In April, Alibaba was fined US$2.8 billion, which was one of the heftiest fines faced by a Chinese company. SAMR alleged in a statement that since 2015, the Group "has abused its dominant position in the market" and imposed a "Choose one out of two" requirement for its merchants. It also claimed that this has prohibited Alibaba's merchants from opening stores or participating in promotional activities on other rival platforms.
Meanwhile earlier this week, it was reported that antitrust regulators in China will be blocking Tencent Holdings’ merger of the top two videogame streaming sites, Huya and DouYu. This came as Tencent failed to produce remedies to meet SAMR's requirements on giving up exclusive rights.
Tencent also withdrew its merger application for antitrust review as it was unable to complete a resubmission within 180 days after submitting the application for the first time. The news of the merger of Huya and DouYu emerged last year. Currently, Tencent currently owns a 36.9% stake in Huya and more than 33% in DouYu. The two platforms hold the top two positions in China’s video gaming streaming industry and are popular destinations for esports tournaments streaming and professional gamers.
The Chinese government also asked ride-hailing company Didi Chuxing to remove from app stores due to serious violations on Didi Global's collection and usage of personal information. Multiple reports said Chinese cybersecurity watchdog, the Cyberspace Administration of China, announced the ban on Sunday, just two days after the regulator said it was starting a cybersecurity review of the company.

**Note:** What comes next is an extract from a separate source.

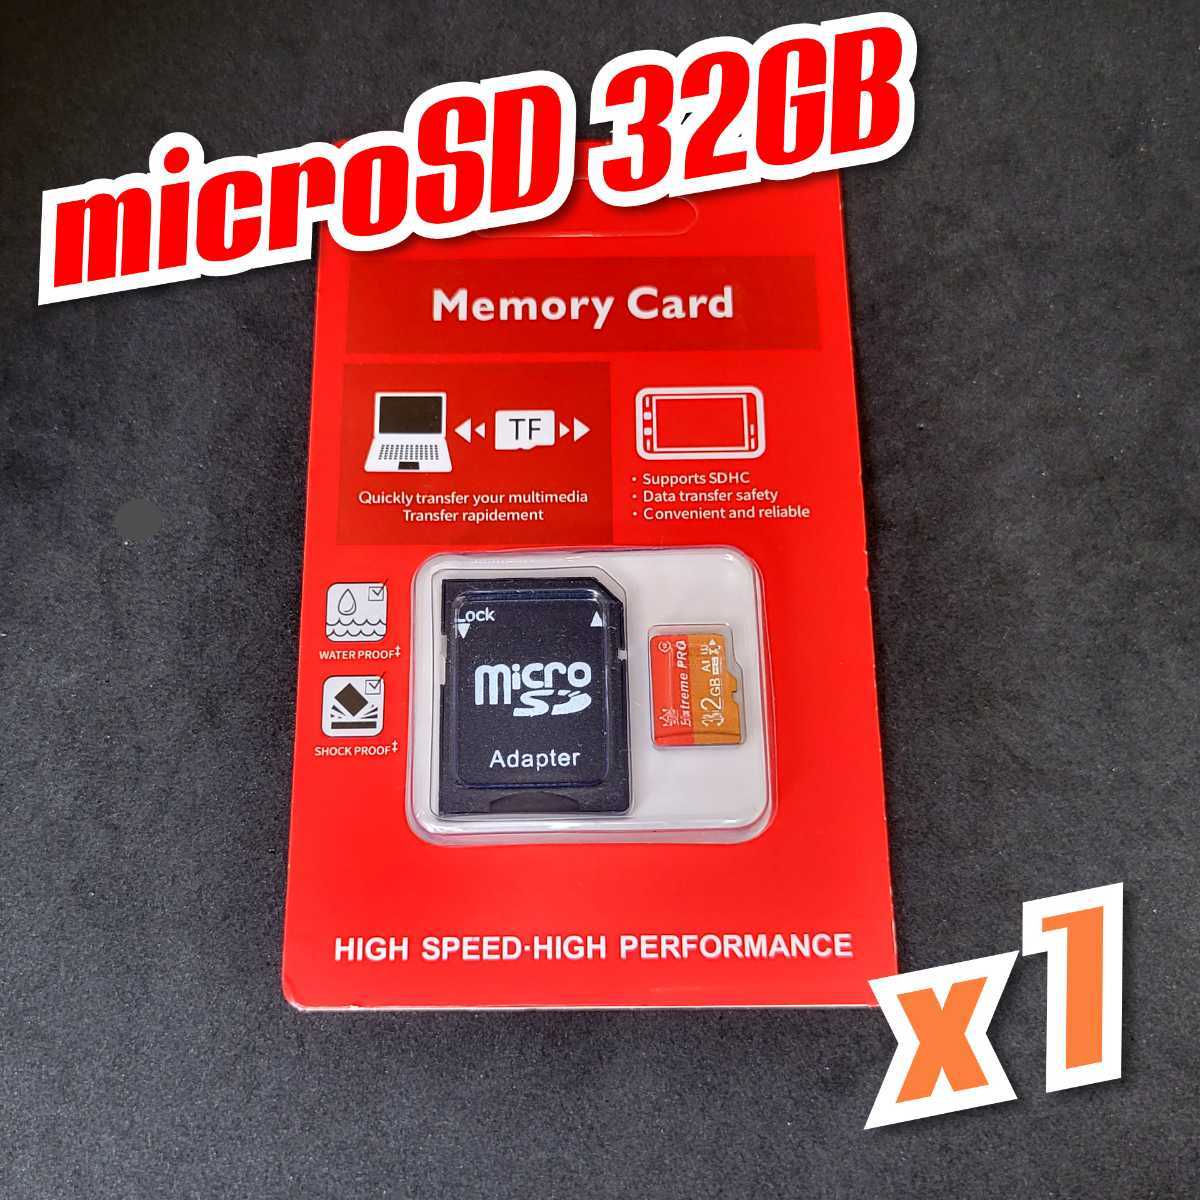 【送料無料】マイクロSDカード 32GB 1枚 class10 UHS-I 1個 microSD microSDHC マイクロSD EXTREME PRO 32GB RED-GOLD_画像2

The authority said on Sunday that it ordered Didi Chuxing to rectify its problems following legal requirements and national standards and take steps to protect the personal information of its users. On the same day, Didi Chuxing said it had halted new user registrations as of 3 July and was now working to rectify its app in accordance with regulatory requirements. Just yesterday, CNBC reported that Didi's main app was removed as a shortcut from WeChat and Alipay.